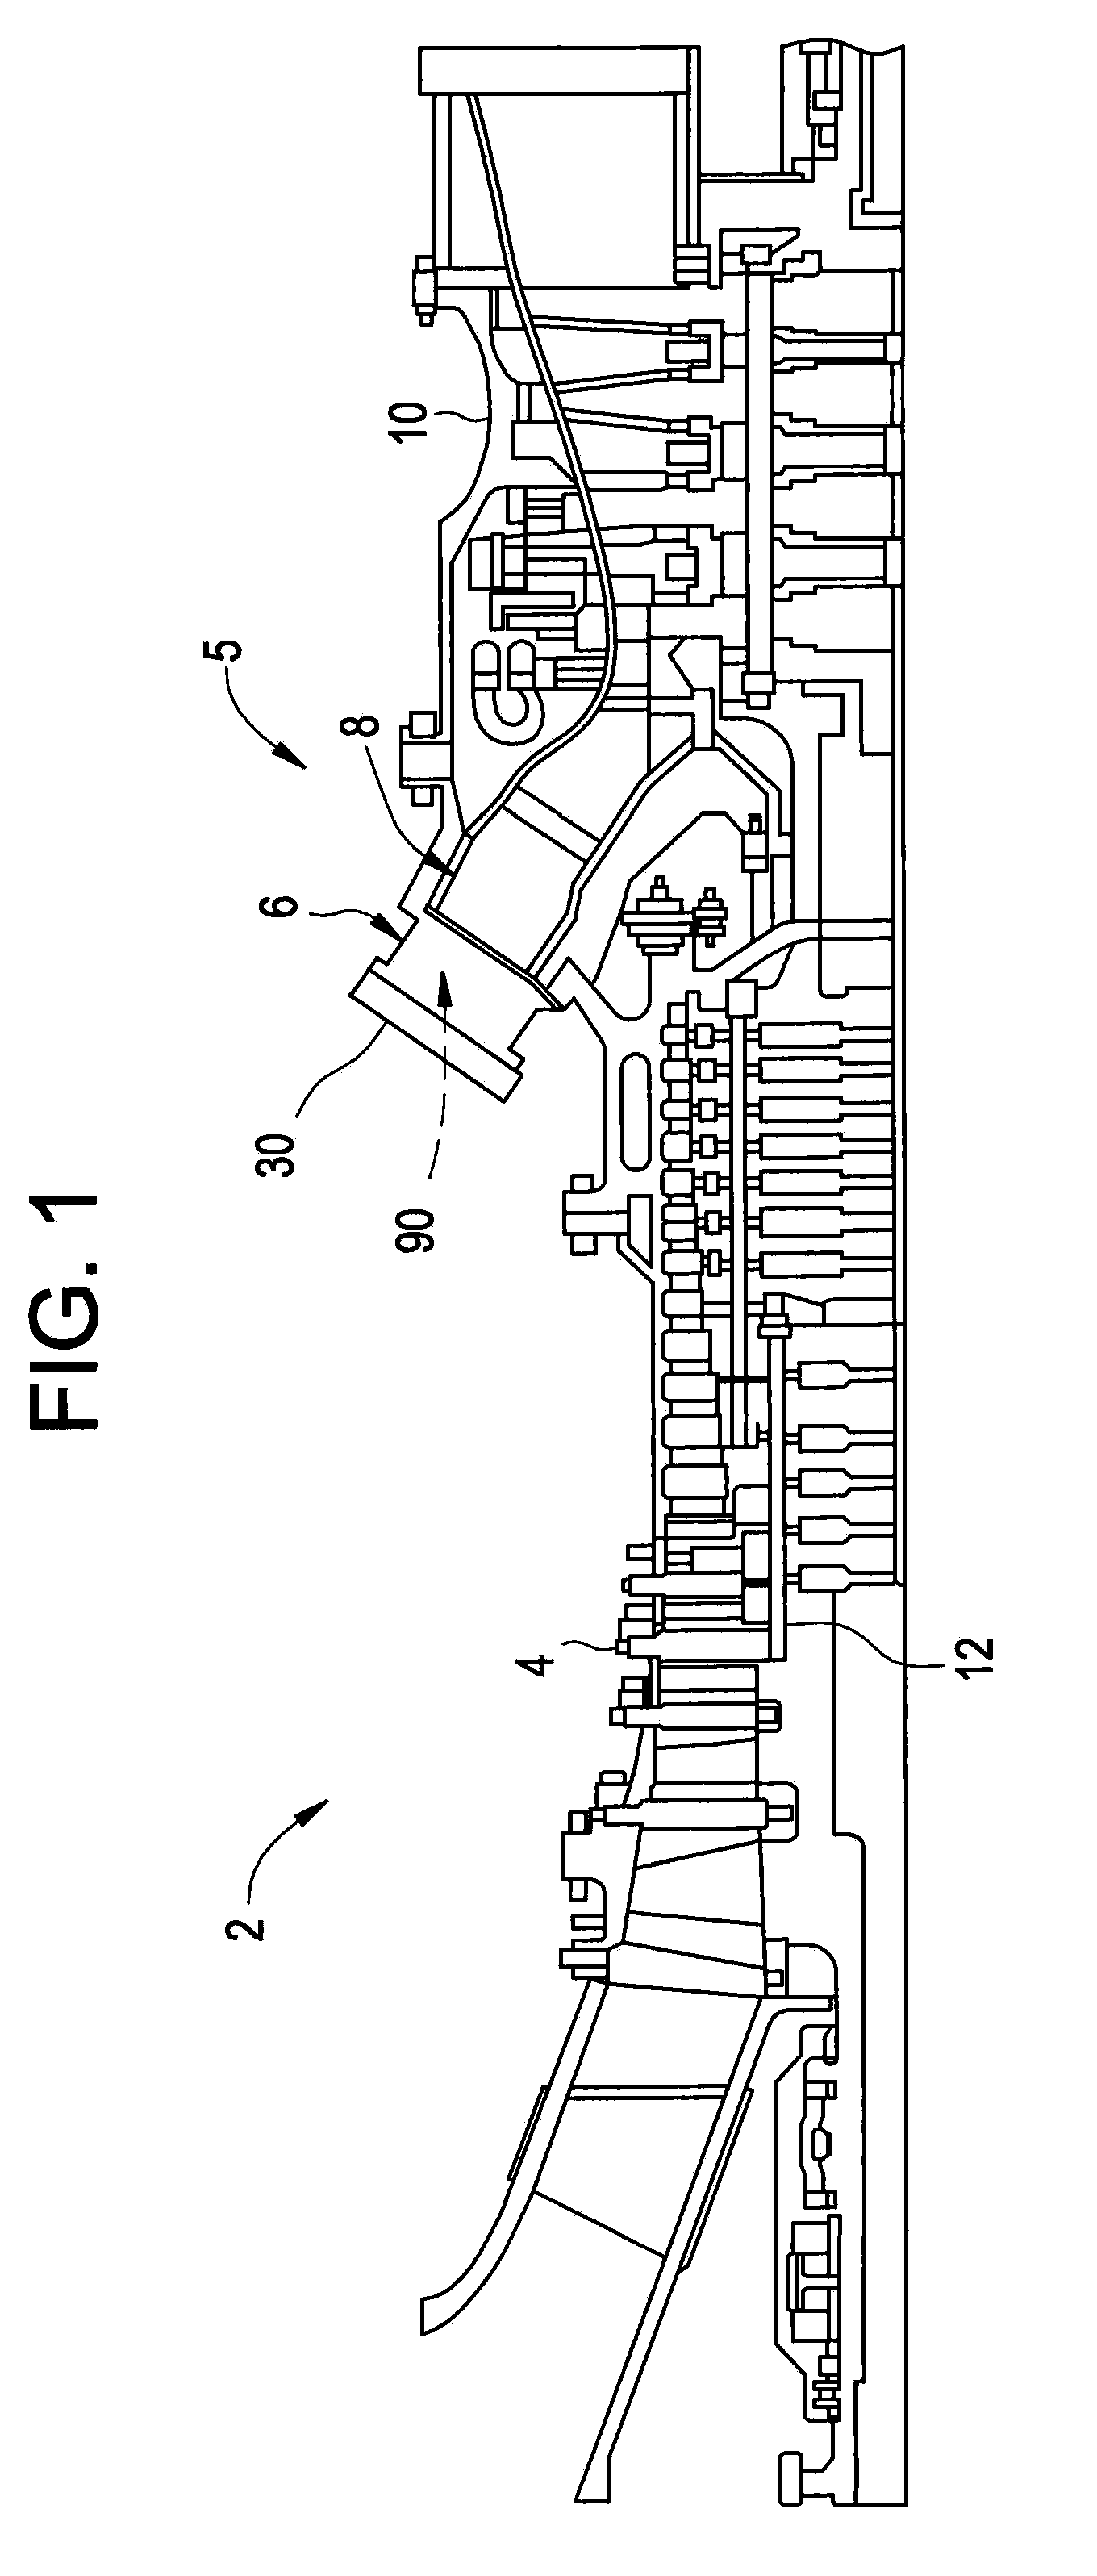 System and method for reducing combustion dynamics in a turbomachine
---------------
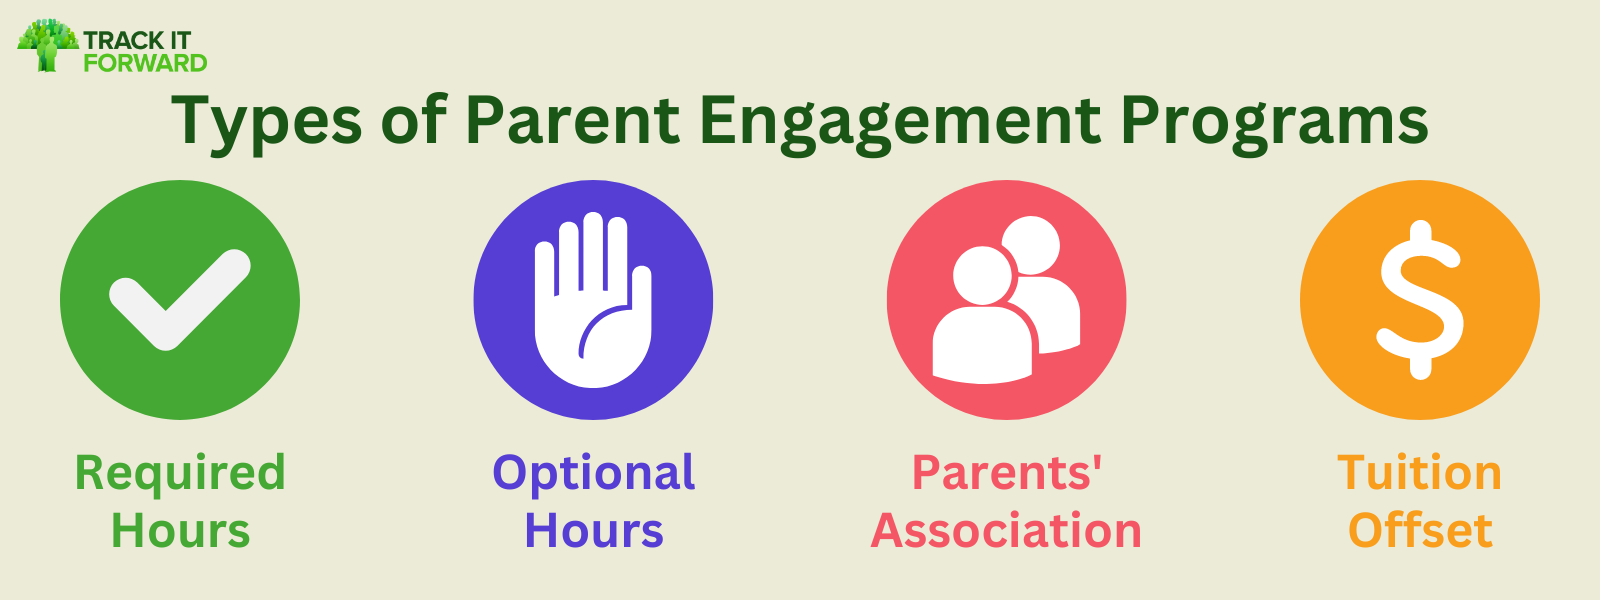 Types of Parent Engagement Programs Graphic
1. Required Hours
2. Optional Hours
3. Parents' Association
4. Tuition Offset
---------------
DESCRIPTION OF THE TASK: Reproduce, word for word, only the lines in the records above from the line with "Types of Parent Engagement Programs Graphic" through the line with "4. Tuition Offset", including both ends; omit the pictures.

RESPONSE TO THE TASK:
 Types of Parent Engagement Programs Graphic
1. Required Hours
2. Optional Hours
3. Parents' Association
4. Tuition Offset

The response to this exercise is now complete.